“We are trying to, if you like, invent a completely new way of designing robots that doesn’t require humans to actually do the designing,” said Alan Winfield. “We’re developing the machine or robot equivalent of artificial selection in the way that farmers have been doing for not just centuries, but for millennia … What we’re interested in is breeding robots. I mean that literally.”
Winfield, who has been working with software and robotic systems since the early 1980s, is a professor of Cognitive Robotics in the Bristol Robotics Lab at the University of the West of England (UWE). He’s also one of the brains behind the Autonomous Robot Evolution (ARE) project, a multiyear effort carried out by UWE, the University of York, Edinburgh Napier University, and University of Amsterdam. It will, its creators hope, change the way that robots are designed and built. And it’s all thanks to borrowing a page from evolutionary biology.
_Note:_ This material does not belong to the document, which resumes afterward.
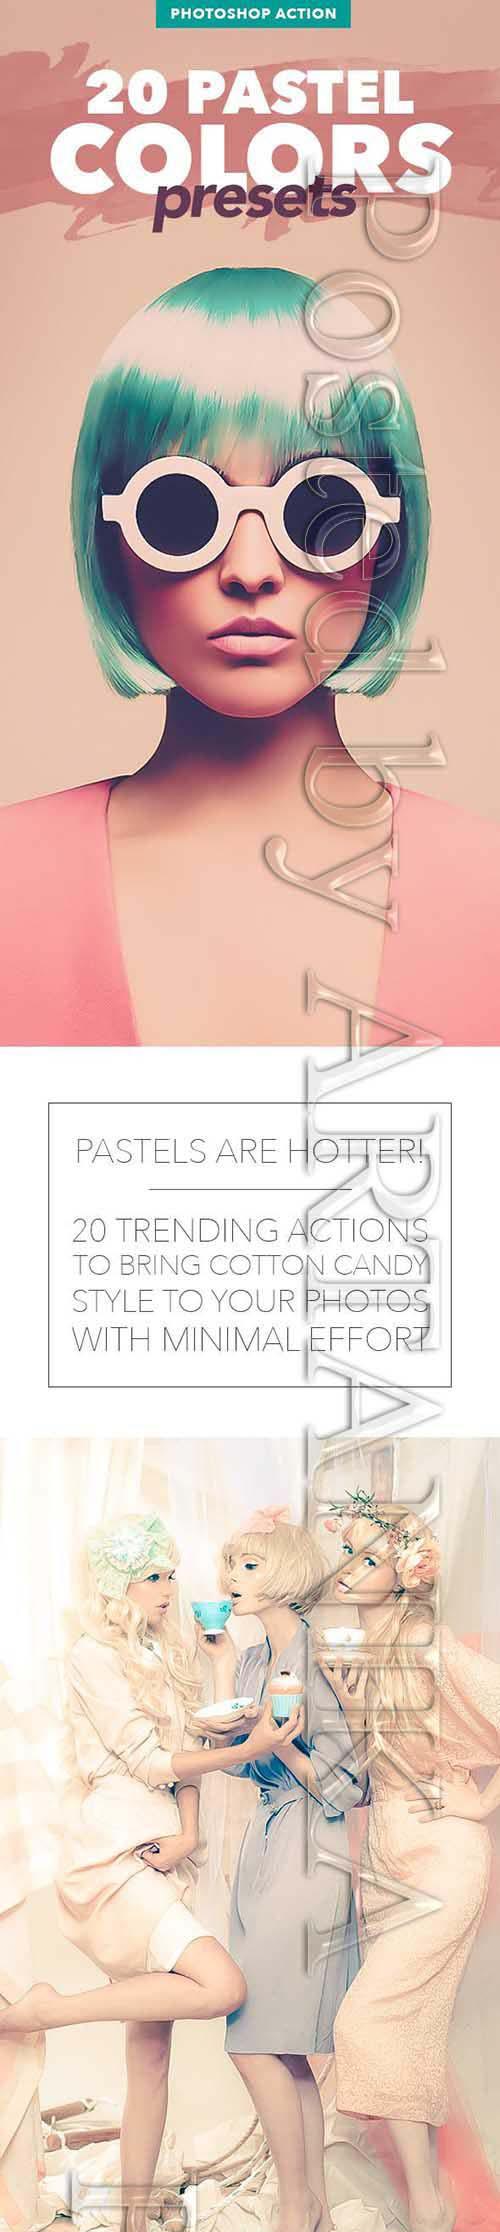 20 Pastel Colors Presets - Photoshop Action 12017470
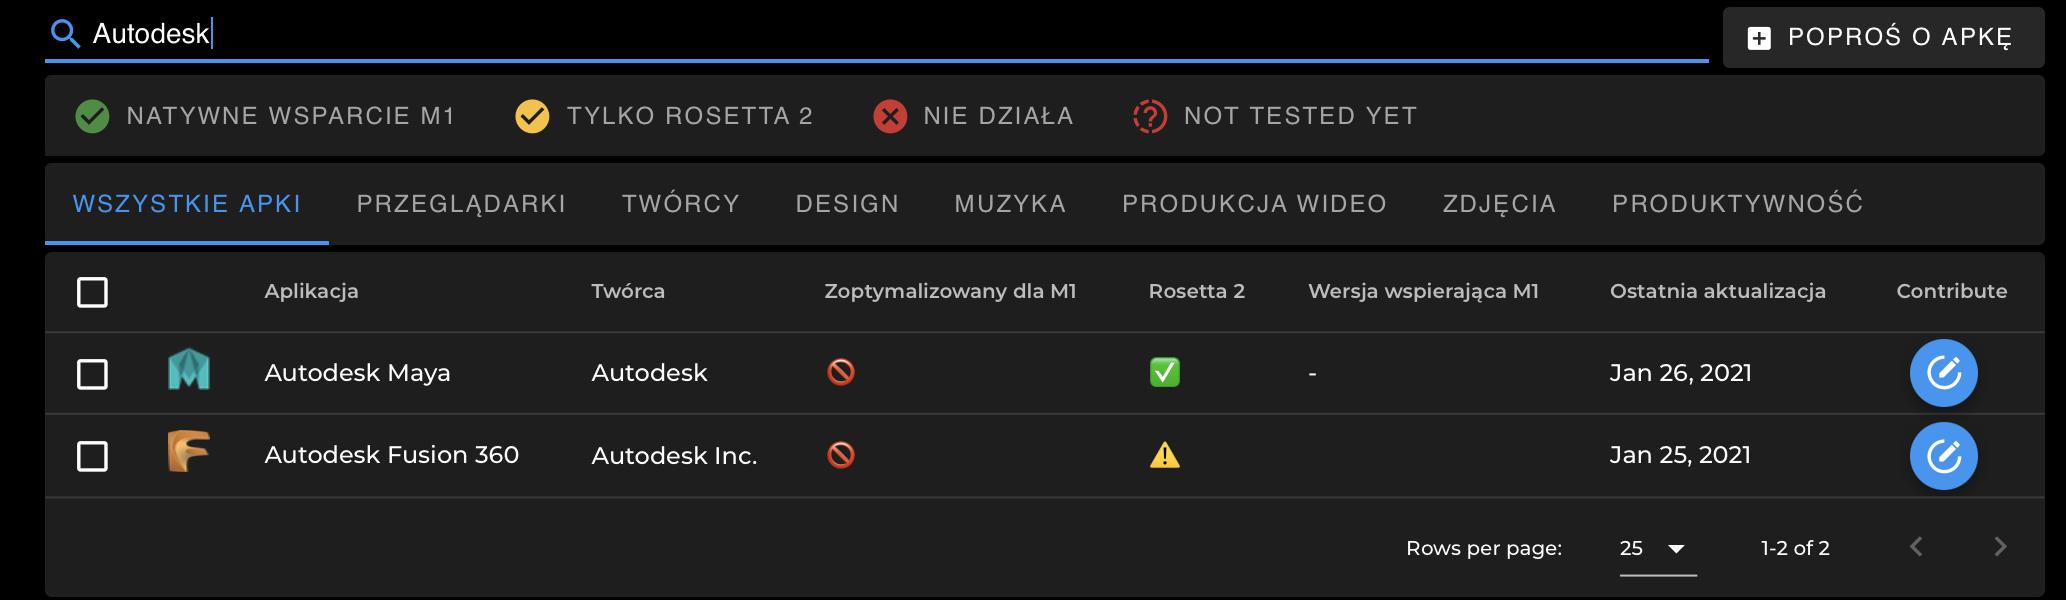 ednak użytkownicy produktów Autodesk nie powinni się spieszyć, bo Maya, która została pokazana na WWDC 2020, nadal nie działa na M1 natywnie, tylko poprzez emulator.

The concept behind ARE is, at least hypothetically, simple. How many science fiction movies can you think of where a group of intrepid explorers land on a planet and, despite their best attempts at planning, find themselves entirely unprepared for whatever they encounter? This is the reality for any of the inhospitable scenarios in which we might want to send robots, especially when those places could be be tens of millions of miles away, as is the case for the exploration and possible habitation of other planets. Currently, robots like the Mars rovers are built on Earth, according to our expectations of what they will find when they arrive. This is the approach roboticists take because, well, there’s no other option available.
But what if it was possible to deploy a miniature factory of sorts — consisting of special software, 3D printers, robot arms, and other assembly equipment — that was able to manufacture new kinds of custom robots based on whatever conditions it found upon landing? These robots could be honed according to both environmental factors and the tasks required of them. What’s more, using a combination of real-world and computational evolution, successive generations of these robots could be made even better at these challenges. That’s what the Autonomous Robot Evolution team is working on.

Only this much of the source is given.